F-16s are able to deliver nuclear weapons, and Russia has said the planes will
be considered a nuclear threat.
Bringing
the world even closer to terminal crisis, NATO Secretary-General Jens
Stoltenberg states that 500,000 troops are at “high readiness,” and in the next
five years, NATO allies will “acquire thousands of air defense and artillery
systems, 850 modern aircraft—mostly fifth-generation F-35s—and also a lot of
other high-end capabilities.” Macron has morphed into one of Europe’s most
hawkish leaders, with plans to send military instructors to Ukraine very soon.

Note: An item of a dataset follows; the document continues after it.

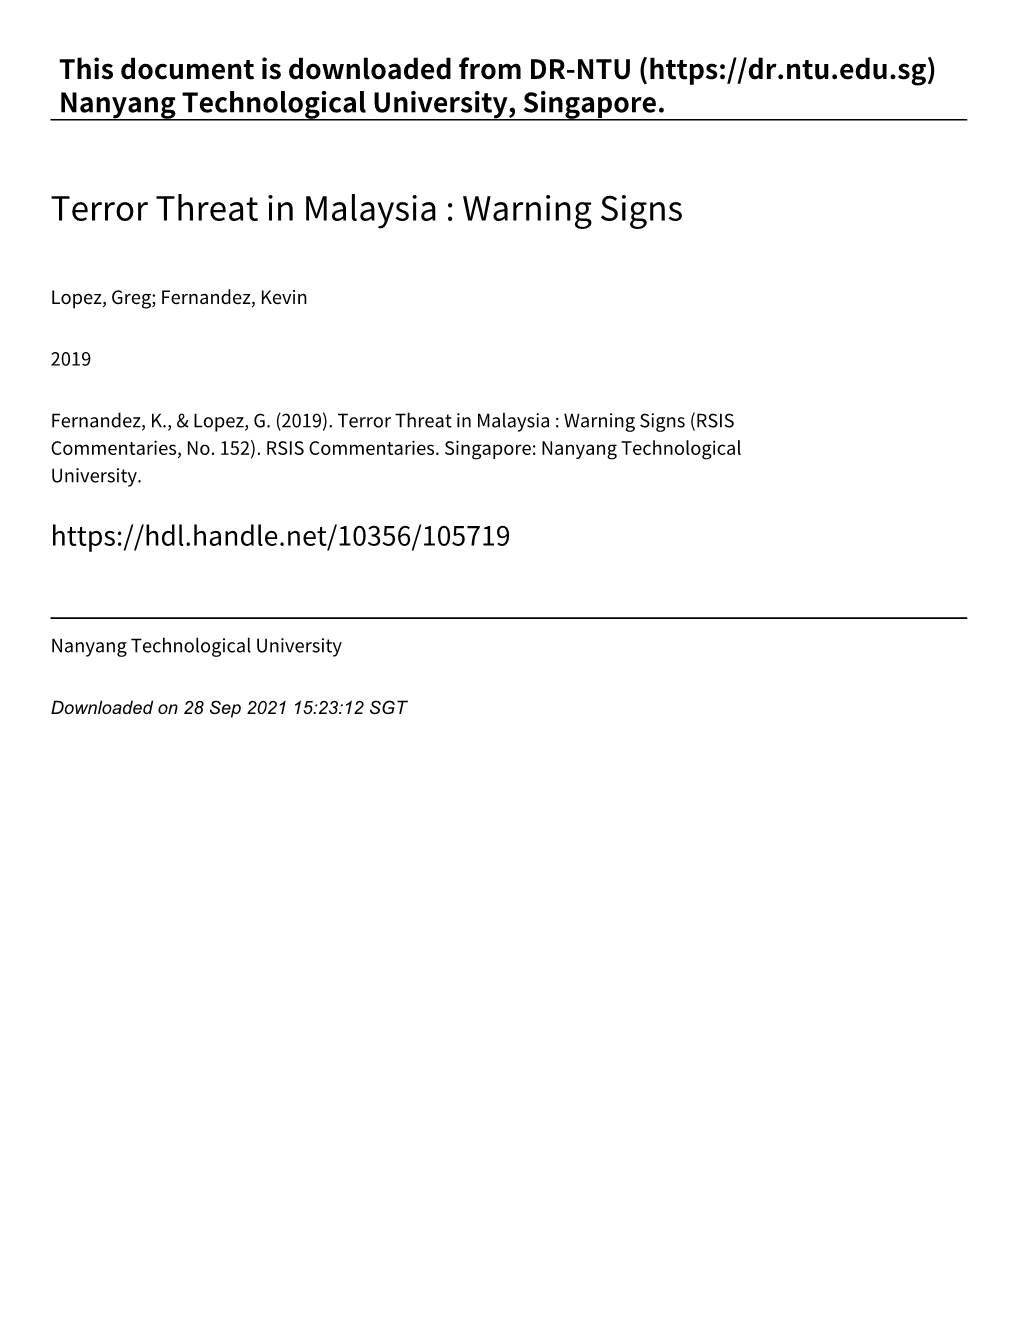 Terror Threat in Malaysia : Warning Signs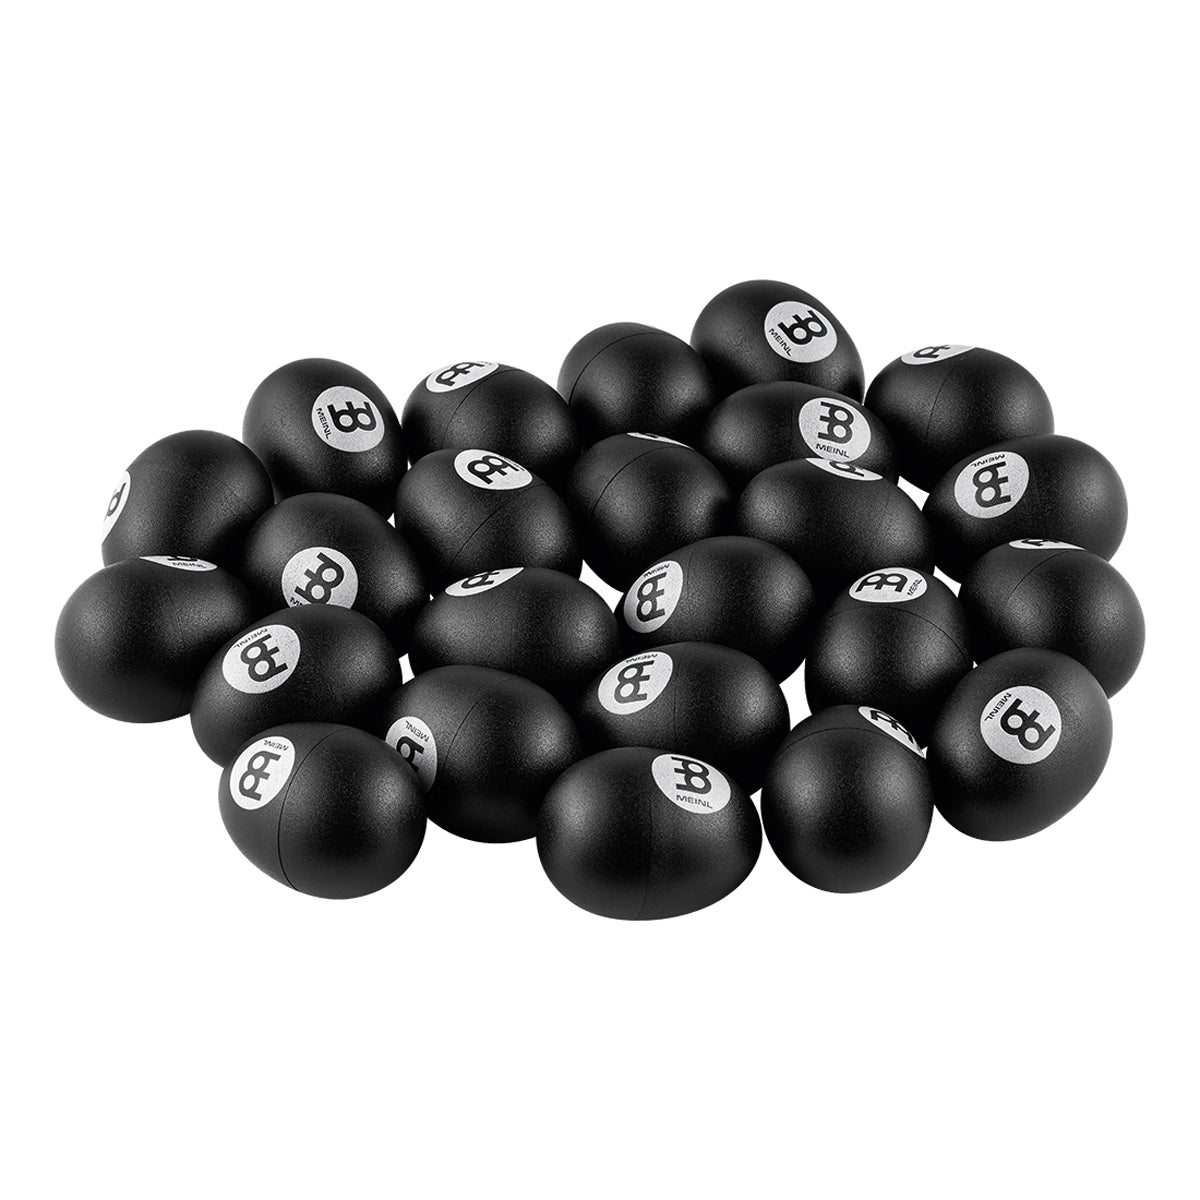 Meinl Plastic Egg Shakers Assortment - Black (Set of 24)

At the same time, NATO is holding talks about taking more nuclear weapons out
of storage and placing them on standby.
Where
all this is heading is unclear, but what’s obvious is that Western leaders are
acting with reckless disregard for the future of humanity. Their bet is that
Russian President Vladimir Putin will never deploy nuclear weapons, despite his
many threats to do so and recent Russian military drills to deploy tactical
nuclear weapons. Given that Russian use of nuclear warheads might well
precipitate a nuclear response by the West, the fate of humanity hangs on the
restraint and rationality of one man, Putin—a figure who is constantly
portrayed by Western media and politicians as an irrational, bloodthirsty
monster. So the human species is supposed to place its hope for survival in
someone we’re told is a madman, who leads a state that feels besieged by the most
powerful military coalition in history, apparently committed to its demise.
Maybe
the madmen aren’t in the Russian government but rather in NATO governments?
It
is downright puzzling that millions of people aren’t protesting in the streets
every day to deescalate the crisis and pull civilization back from the brink.
Evidently the mass media have successfully fulfilled their function of
manufacturing consent. But unless the Western public wakes up, the current
crisis might not end as benignly as did the one in 1962.